Overall COV for resale flats hits lowest figure since July 2012

The overall median cash-over-valuation (COV) for resale HDB flats last month was the lowest in 10 months, with analysts saying it could drop further.

The overall median COV dropped by S$4,000 to reach S$26,000 in May, the lowest level since last July.

Resale prices also showed signs of stabilising and were down 0.1 per cent, according to data from major property agencies compiled by the Singapore Real Estate Exchange.

Property analysts said it is likely buyers will stay away and COV will fall as the government’s cooling measures continue to dampen the HDB resale market.

Propnex CEO Mohd Ismail said the curb imposed on loans for HDB flats is a major factor.

He said: “One of the key reasons why the COV started to dip was… the MSR – mortgage servicing ratio. With the new implementation, the ability for a buyer to take loans has been very much reduced.

“From the usual 40 per cent of someone’s income, it’s been reduced to 35 per cent if someone is buying public housing from HDB loan.

“For example, PRs and private property owners, or those who don’t qualify for a HDB loan, will be subjected to financial institutions – banks.

“In the past, prior to the cooling measures, one could utilise 50 per cent of their income toward servicing their mortgage. But ever since the January cooling measures, it’s been reduced from 50 per cent to 30 per cent – and that’s a huge cut.”
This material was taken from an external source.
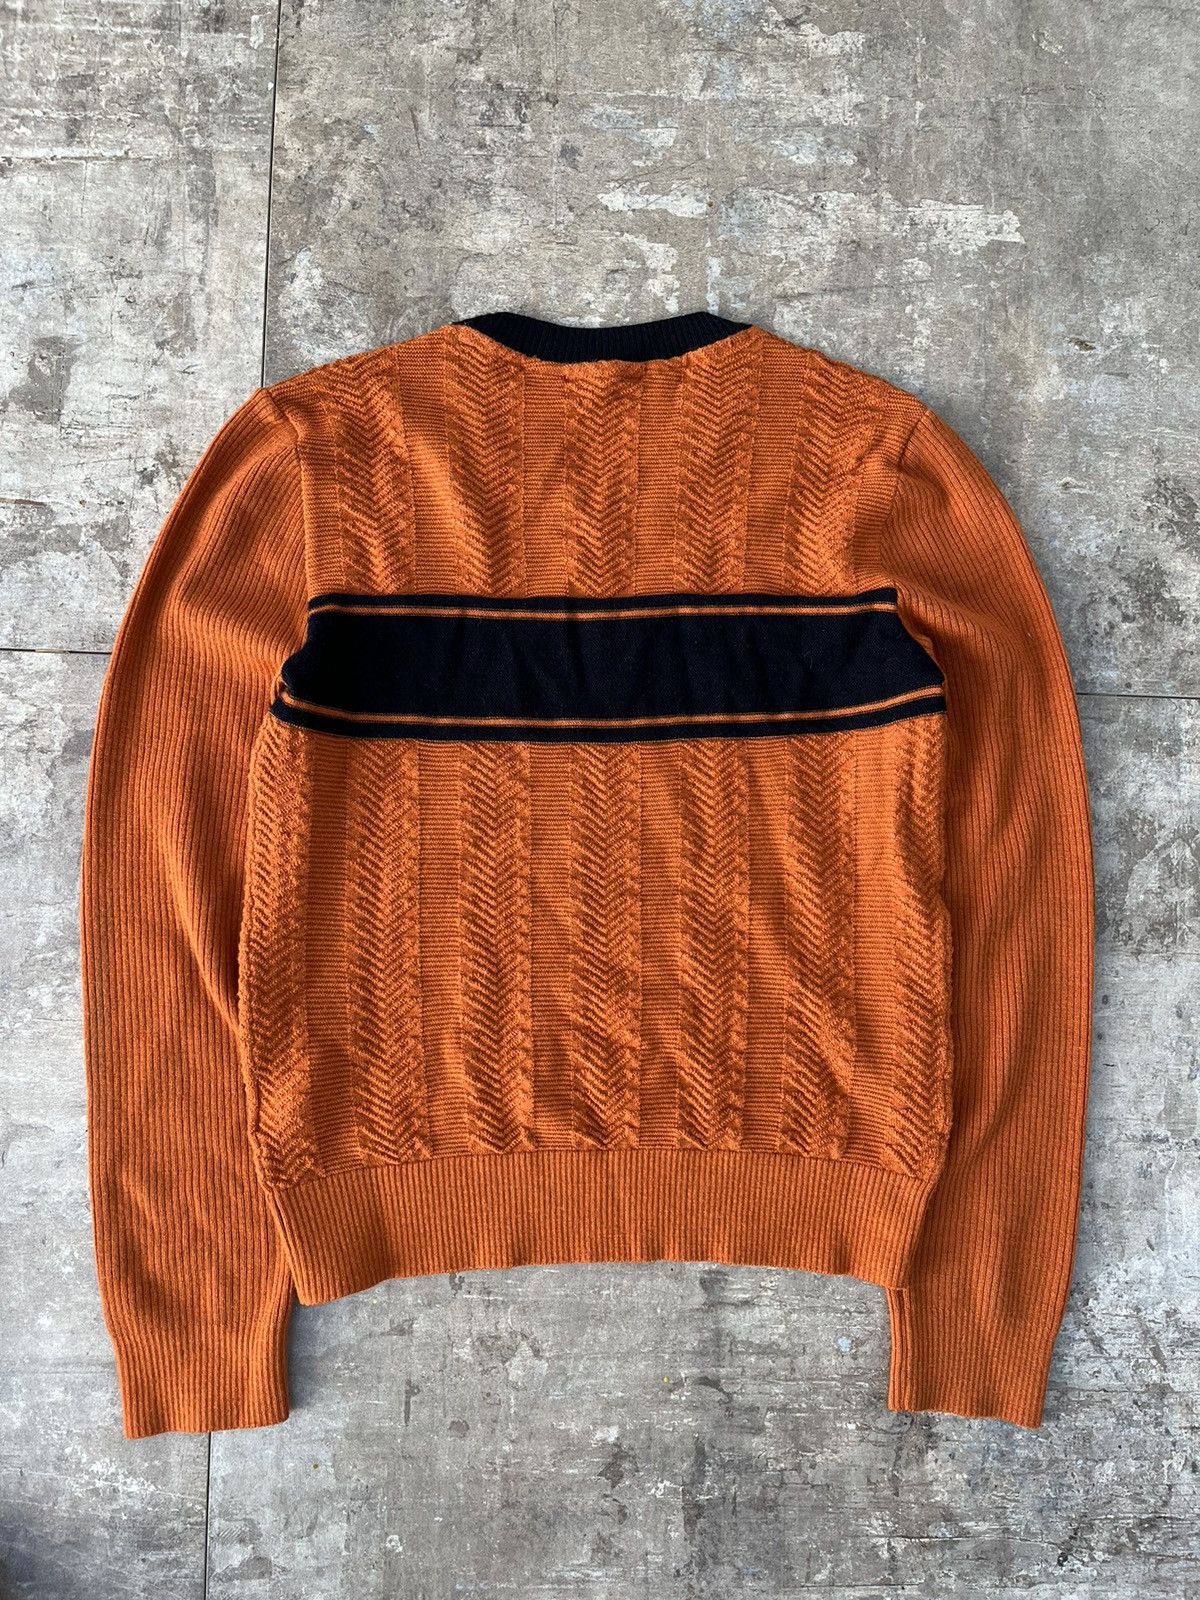 Adidas Adidas Wales Bonner Knit Sweater Size US M / EU 48-50 / 2 - 2 Preview
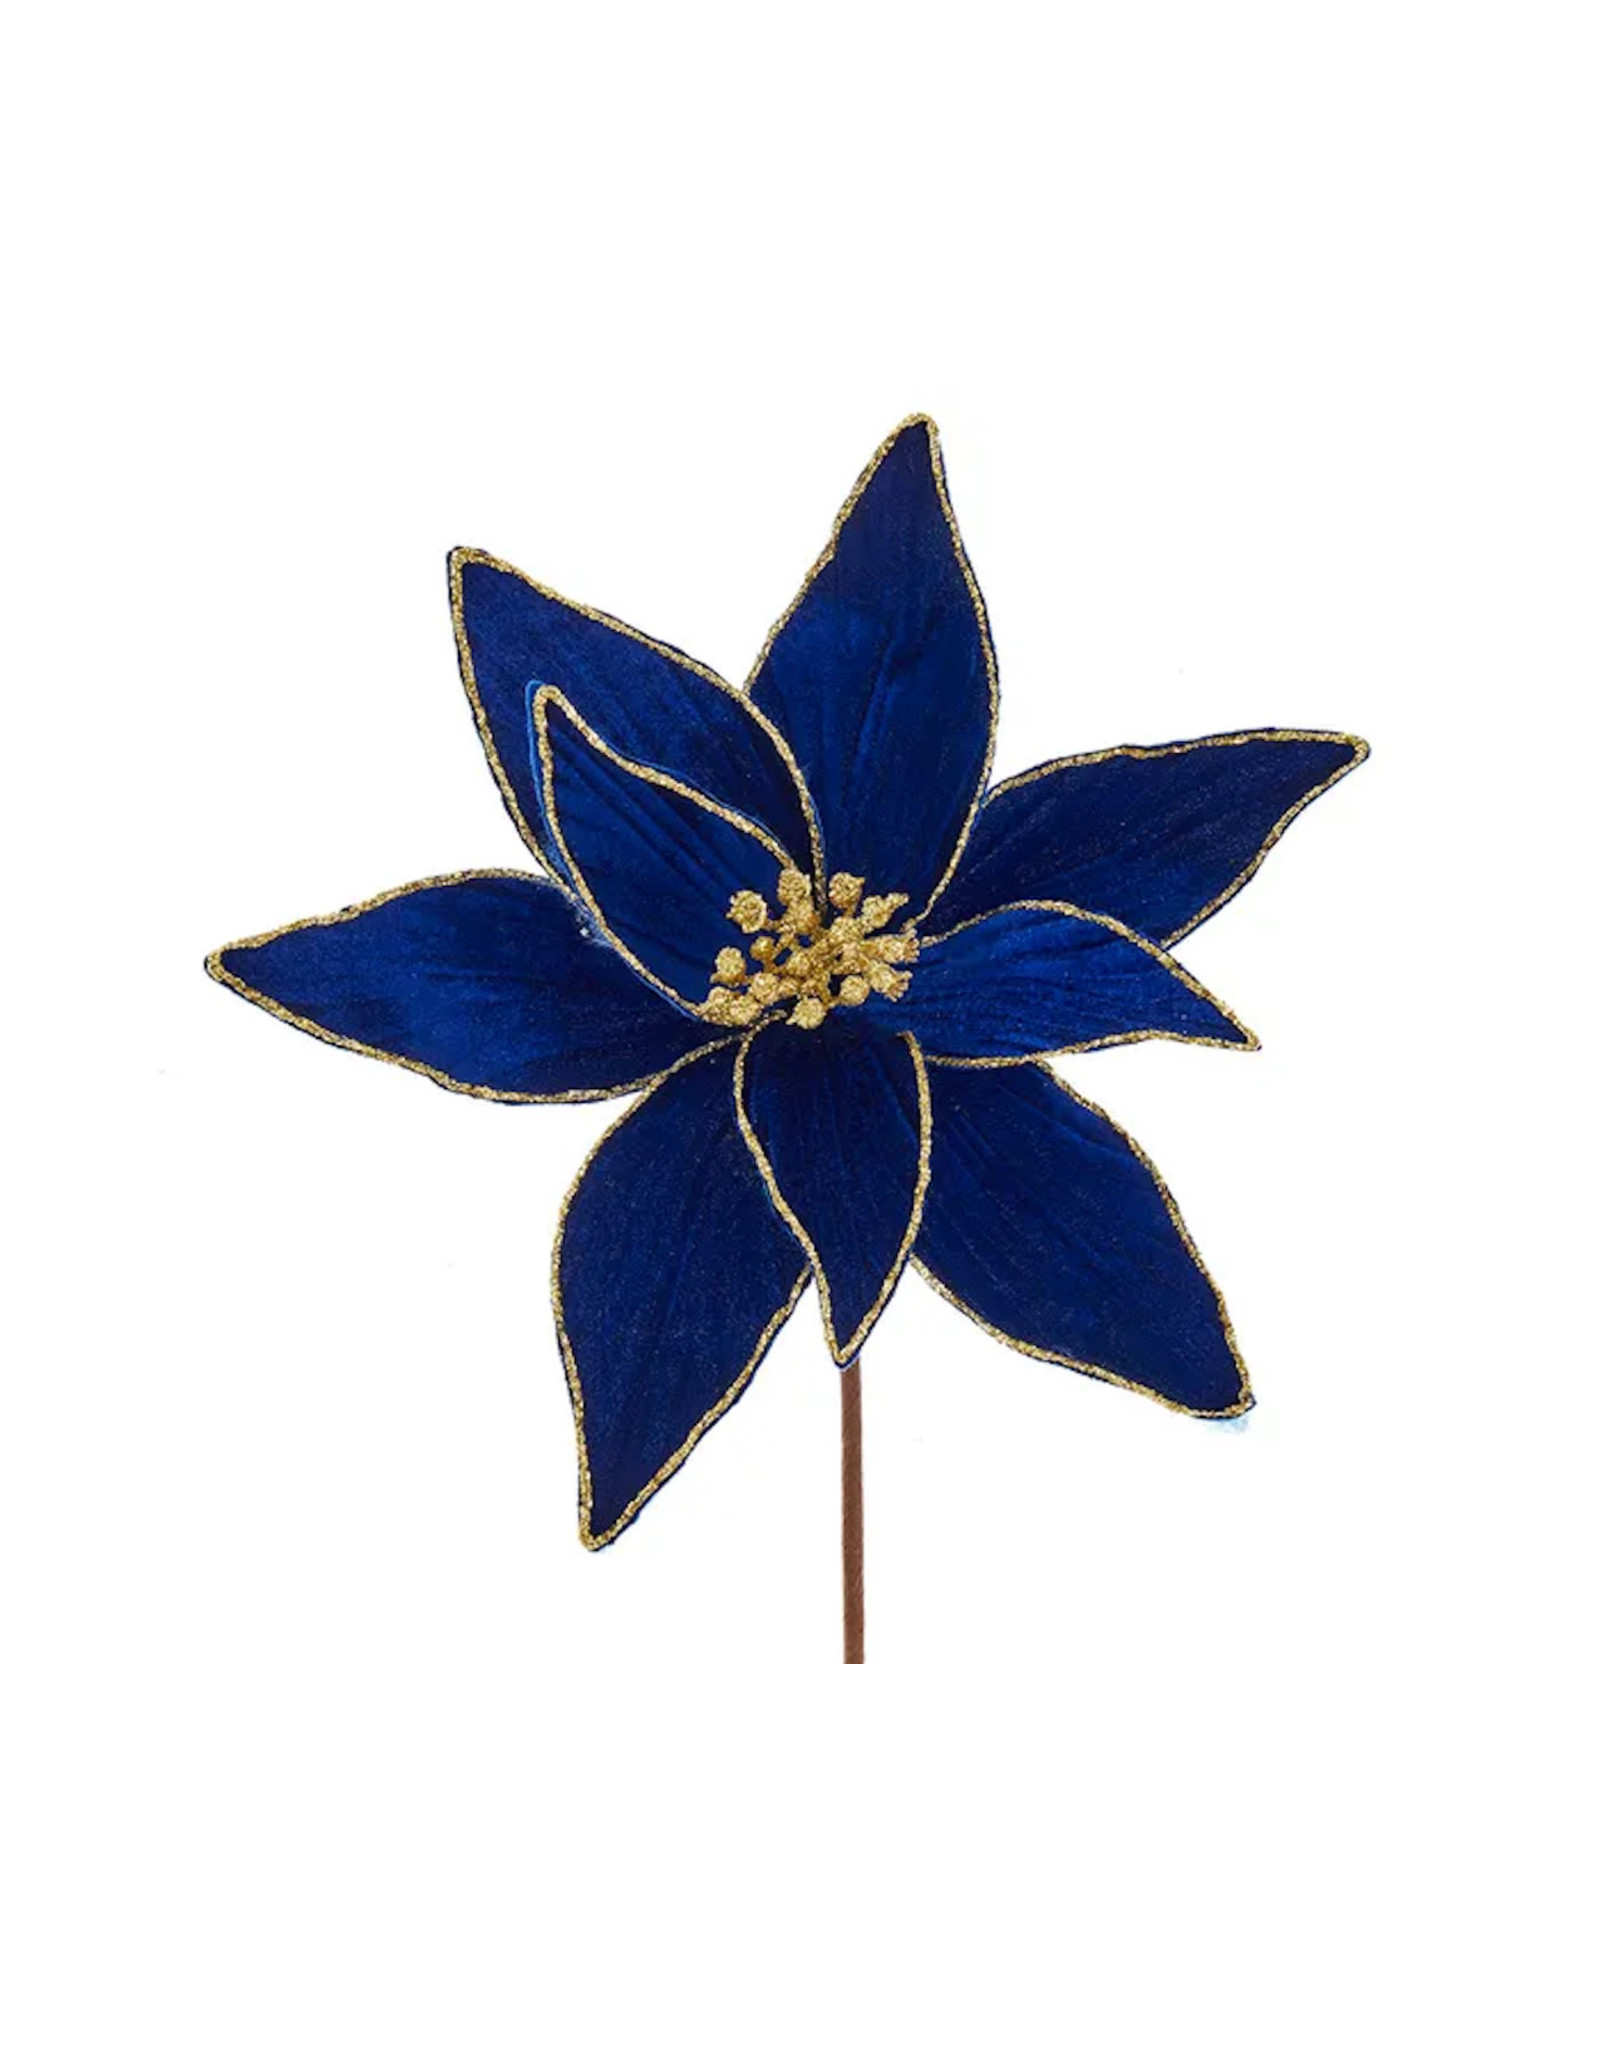 Kurt Adler Poinsettia Picks Royal Blue And Gold 14 Inch Poinsettia

Mr Ismail added: “A lot of buyers are finding it difficult to get enough loans to purchase resale flats. And obviously when people are finding it difficult to even get enough loans, it will be ridiculous for them to pay high cash-above-value.

“Probably by the year-end, I’ll not be surprised to see a COV in the region of S$20,000 – which would well be close to a 50-per cent dip from the beginning of the year of about S$35,000 to about S$20,000.”

HDB resale transactions also registered a slight decline, with an estimated 1,300 units sold last month, down 10 per cent from April’s 1,453 transactions and 35-per cent from last May’s 2,058 HDB resale flats.

The drop in demand could be due to a bumper crop of 8,000 units released last month under the Build-To-Order and Sales of Balance Flats schemes, said experts.

Christine Li, head of research and consultancy at OrangeTee, said: “First of all, Sales of Balance flats is only held every six months and this is also the first time Parenthood Priority Scheme has been applied to Sales of Balance flats exercise.

“So there has been quite a lot of anticipation in the market and as a result people are waiting for this exercise and attention has been diverted from the resale market last month. I think the resale market last month was effectively just serving the second-timers and the PRs.”

For the first time in a year, overall HDB median rents dropped by S$50 to end at S$2,350 in May 2013, after remaining constant at S$2,400 since June 2012.

It was not just the HDB market that took a hit last month.

Resale prices for private homes also softened with prices for non-landed private residential units dipping 0.5 per cent in May compared to the month before.